**Your instructions**
Among the entries below, find the lines that hold the word "hàng" and report them.

### Data shown

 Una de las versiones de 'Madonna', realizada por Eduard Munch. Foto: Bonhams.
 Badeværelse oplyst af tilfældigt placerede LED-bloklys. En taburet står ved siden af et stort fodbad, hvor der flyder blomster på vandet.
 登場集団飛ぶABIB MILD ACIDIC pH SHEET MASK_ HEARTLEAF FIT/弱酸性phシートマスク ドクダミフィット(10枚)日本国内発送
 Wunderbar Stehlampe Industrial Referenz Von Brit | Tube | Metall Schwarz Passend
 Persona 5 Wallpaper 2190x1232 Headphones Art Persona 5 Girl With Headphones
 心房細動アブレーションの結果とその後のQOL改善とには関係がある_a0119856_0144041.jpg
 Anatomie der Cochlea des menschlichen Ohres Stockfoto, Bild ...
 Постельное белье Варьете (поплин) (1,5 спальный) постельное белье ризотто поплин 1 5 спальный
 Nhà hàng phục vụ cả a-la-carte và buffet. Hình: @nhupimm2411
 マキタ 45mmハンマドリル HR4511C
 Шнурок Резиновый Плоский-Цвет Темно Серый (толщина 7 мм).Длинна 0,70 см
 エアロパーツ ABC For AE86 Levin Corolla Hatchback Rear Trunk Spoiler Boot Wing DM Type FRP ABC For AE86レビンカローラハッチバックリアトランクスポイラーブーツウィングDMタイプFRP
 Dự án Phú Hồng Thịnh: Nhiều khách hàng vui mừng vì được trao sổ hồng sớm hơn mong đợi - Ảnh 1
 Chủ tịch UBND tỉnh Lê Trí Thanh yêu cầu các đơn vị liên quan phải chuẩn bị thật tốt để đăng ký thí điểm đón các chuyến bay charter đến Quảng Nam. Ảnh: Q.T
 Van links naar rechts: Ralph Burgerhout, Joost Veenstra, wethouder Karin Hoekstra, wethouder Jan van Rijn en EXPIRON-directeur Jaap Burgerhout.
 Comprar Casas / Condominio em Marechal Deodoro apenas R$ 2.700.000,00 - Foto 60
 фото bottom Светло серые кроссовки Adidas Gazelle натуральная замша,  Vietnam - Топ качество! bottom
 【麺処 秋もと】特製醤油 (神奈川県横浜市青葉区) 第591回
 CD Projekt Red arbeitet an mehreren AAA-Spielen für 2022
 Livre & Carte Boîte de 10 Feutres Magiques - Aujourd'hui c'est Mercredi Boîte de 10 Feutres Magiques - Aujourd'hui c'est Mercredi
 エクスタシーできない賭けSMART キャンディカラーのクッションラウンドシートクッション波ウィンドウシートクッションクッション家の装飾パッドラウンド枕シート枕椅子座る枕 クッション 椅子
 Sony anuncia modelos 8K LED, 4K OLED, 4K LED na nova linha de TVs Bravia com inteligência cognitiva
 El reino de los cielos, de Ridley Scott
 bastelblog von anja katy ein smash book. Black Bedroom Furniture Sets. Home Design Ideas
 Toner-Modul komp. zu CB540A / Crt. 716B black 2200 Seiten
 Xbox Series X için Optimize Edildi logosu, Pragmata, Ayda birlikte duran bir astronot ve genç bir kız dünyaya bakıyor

######

**Output**
 Nhà hàng phục vụ cả a-la-carte và buffet. Hình: @nhupimm2411
 Dự án Phú Hồng Thịnh: Nhiều khách hàng vui mừng vì được trao sổ hồng sớm hơn mong đợi - Ảnh 1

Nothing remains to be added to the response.